* _Task_:
The data below should be restated word for word, pictures omitted.
*** Data block ***
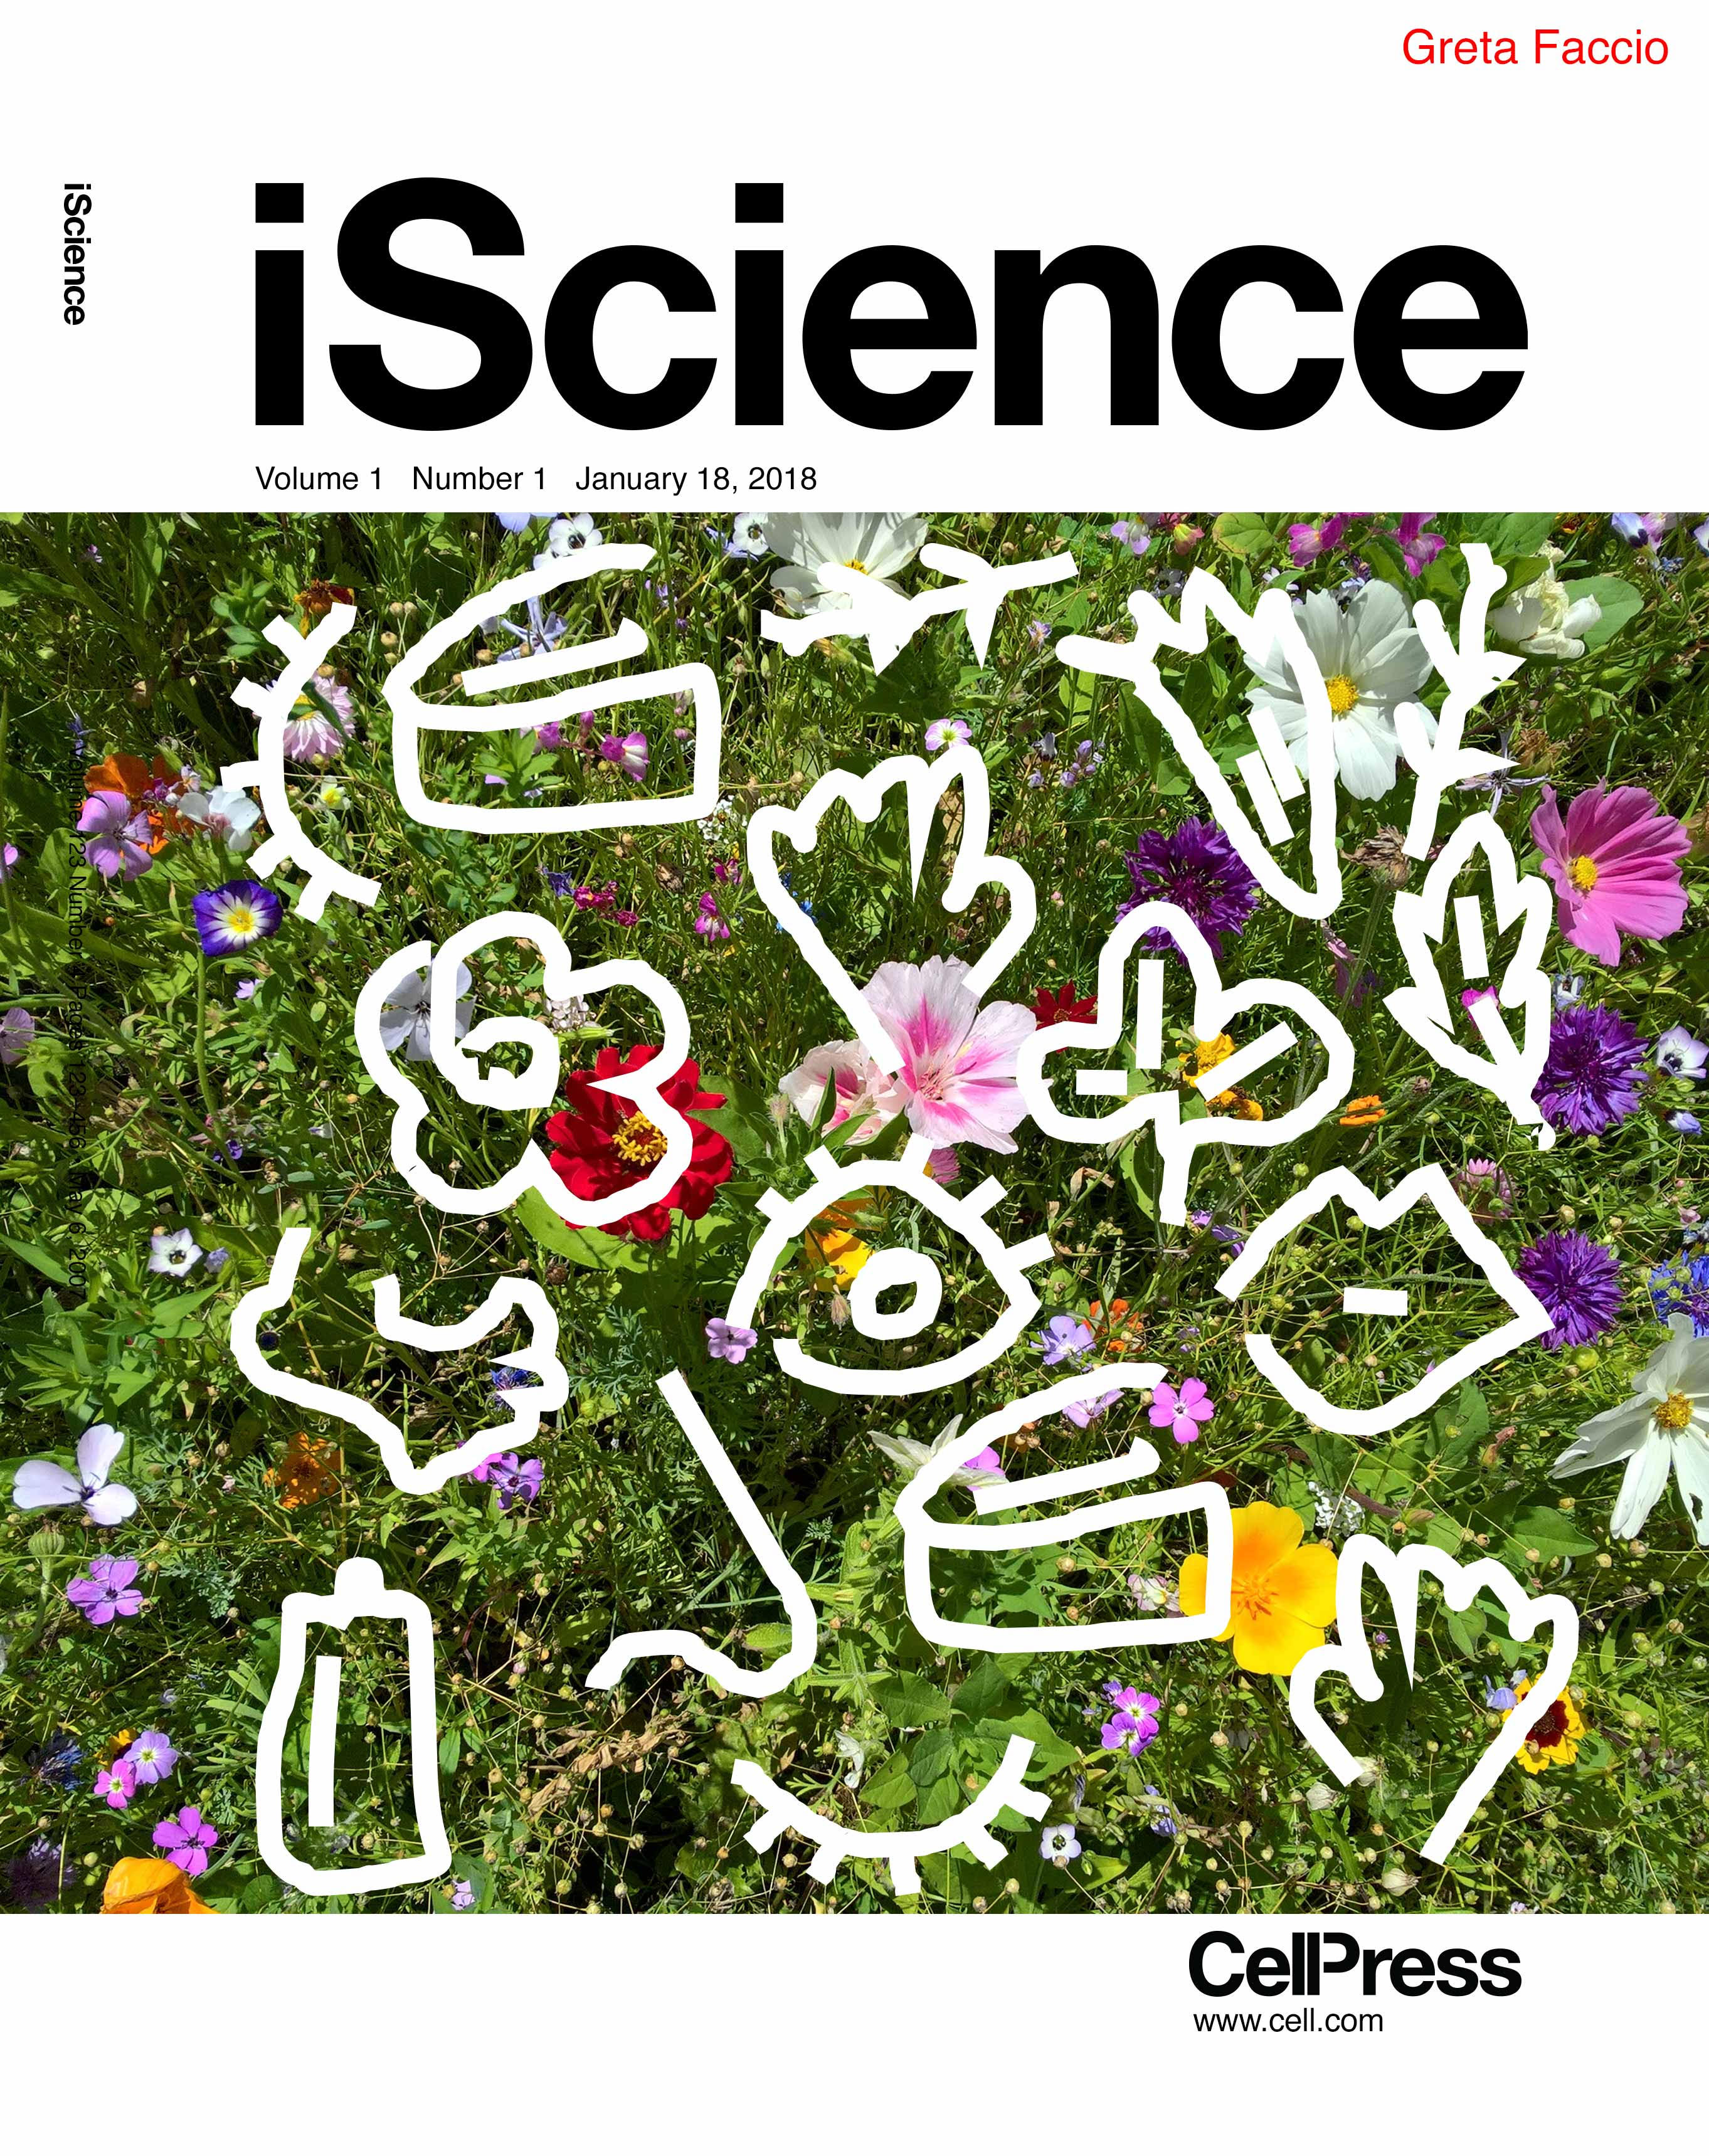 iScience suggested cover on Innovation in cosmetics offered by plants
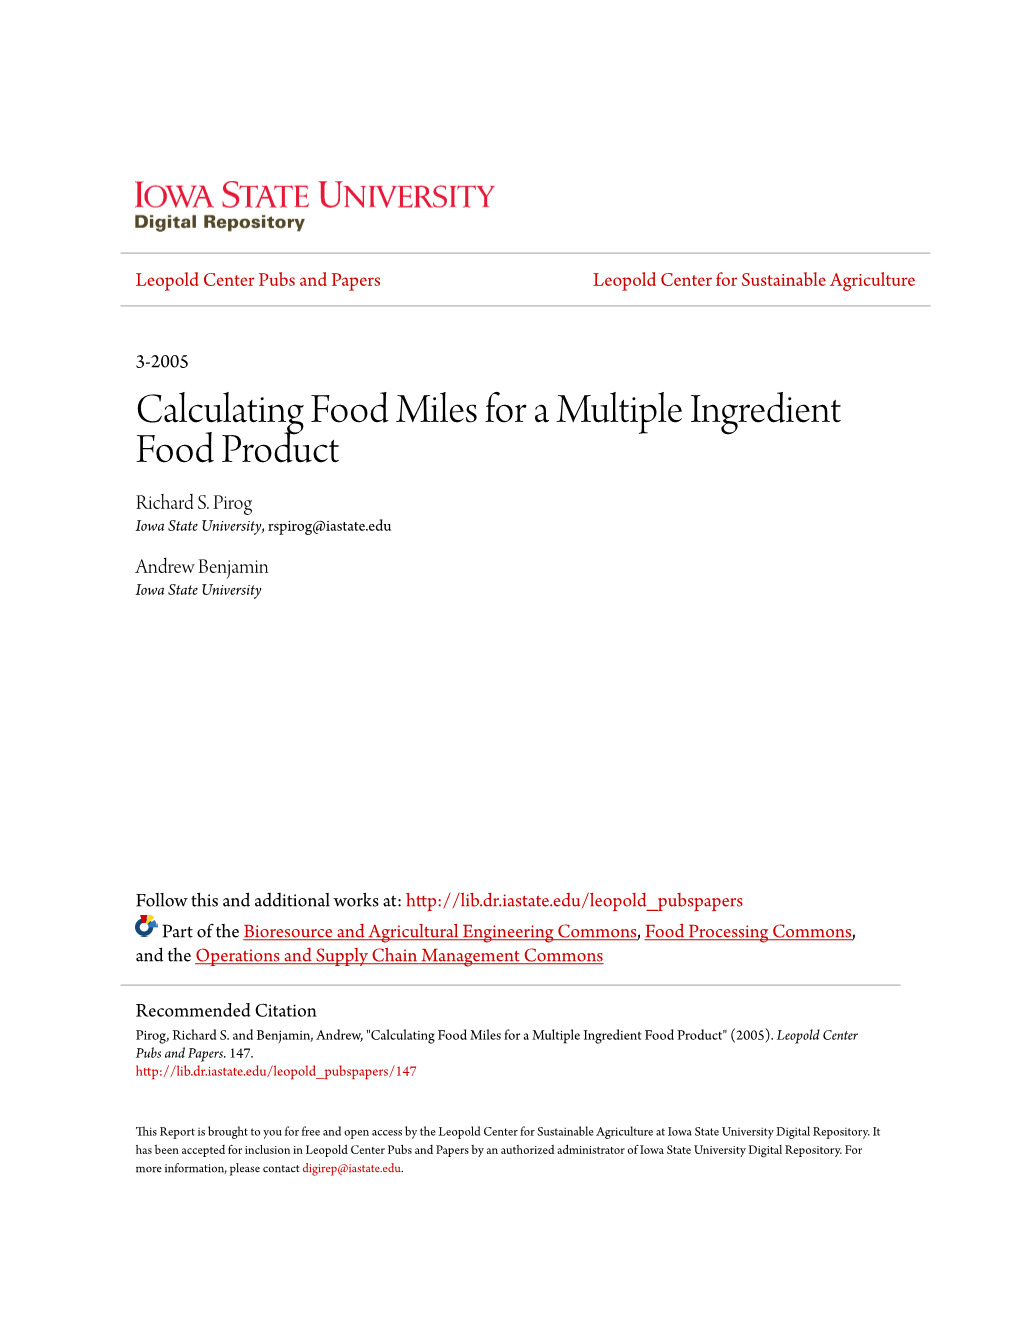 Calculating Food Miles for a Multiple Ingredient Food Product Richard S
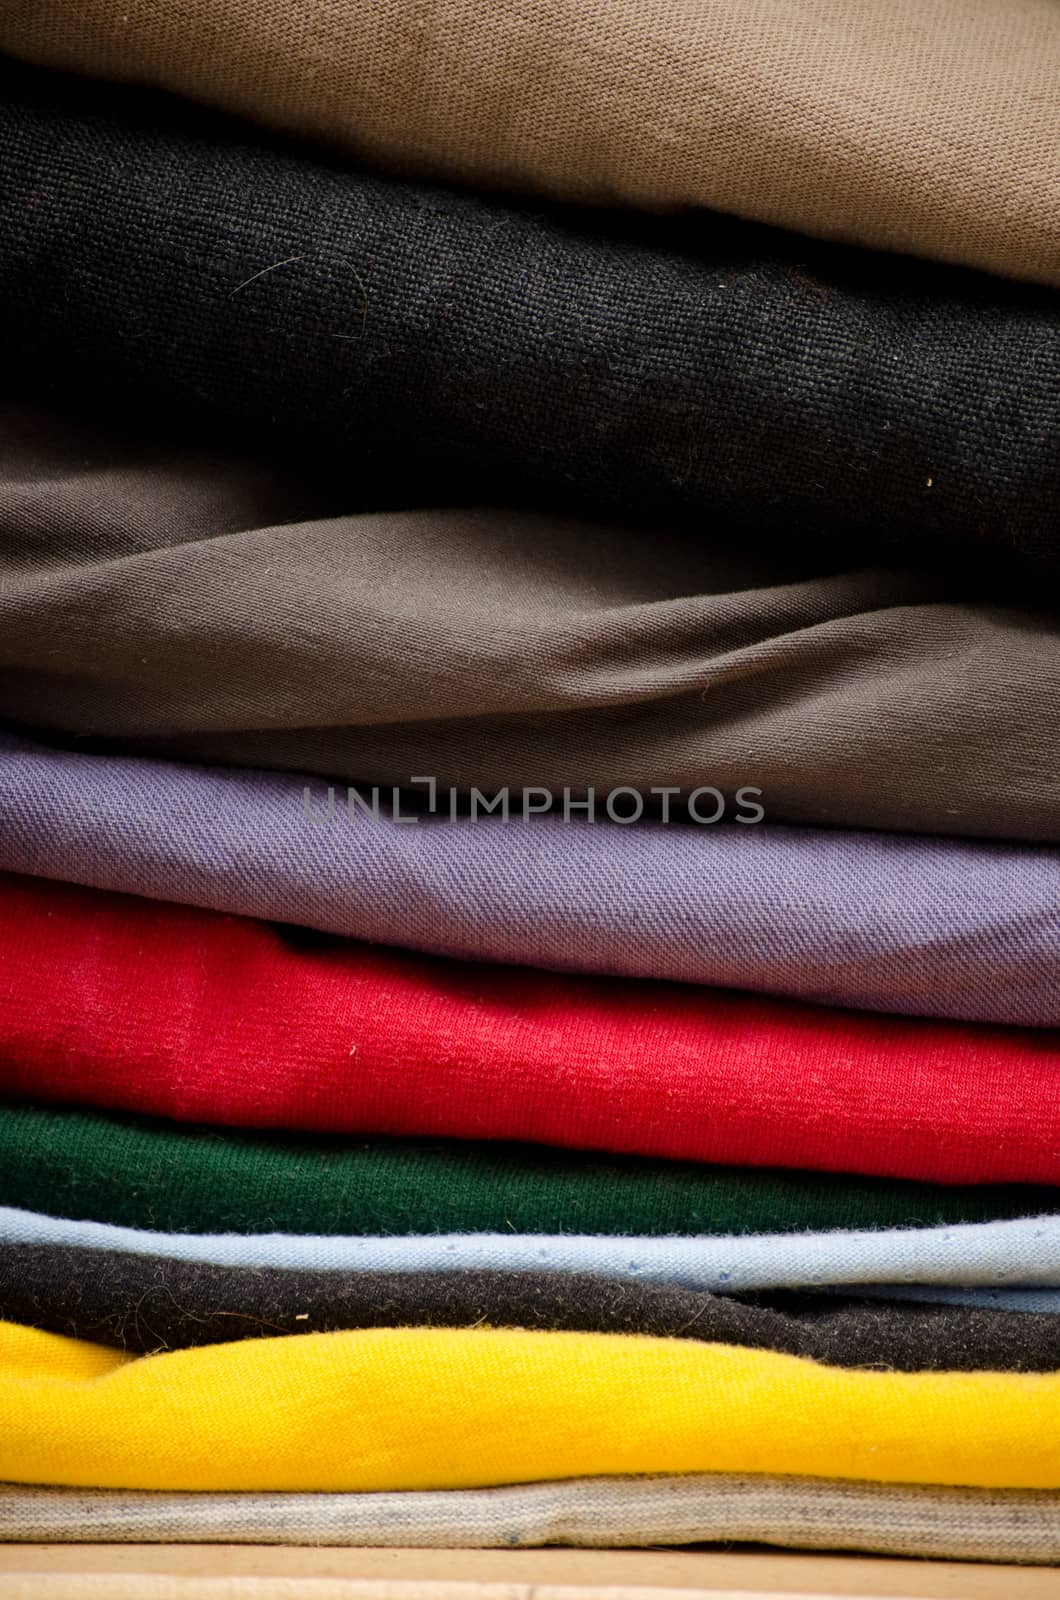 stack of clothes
*** End of Data block ***
* _Problem solution_:
 iScience suggested cover on Innovation in cosmetics offered by plants
 Calculating Food Miles for a Multiple Ingredient Food Product Richard S
 stack of clothes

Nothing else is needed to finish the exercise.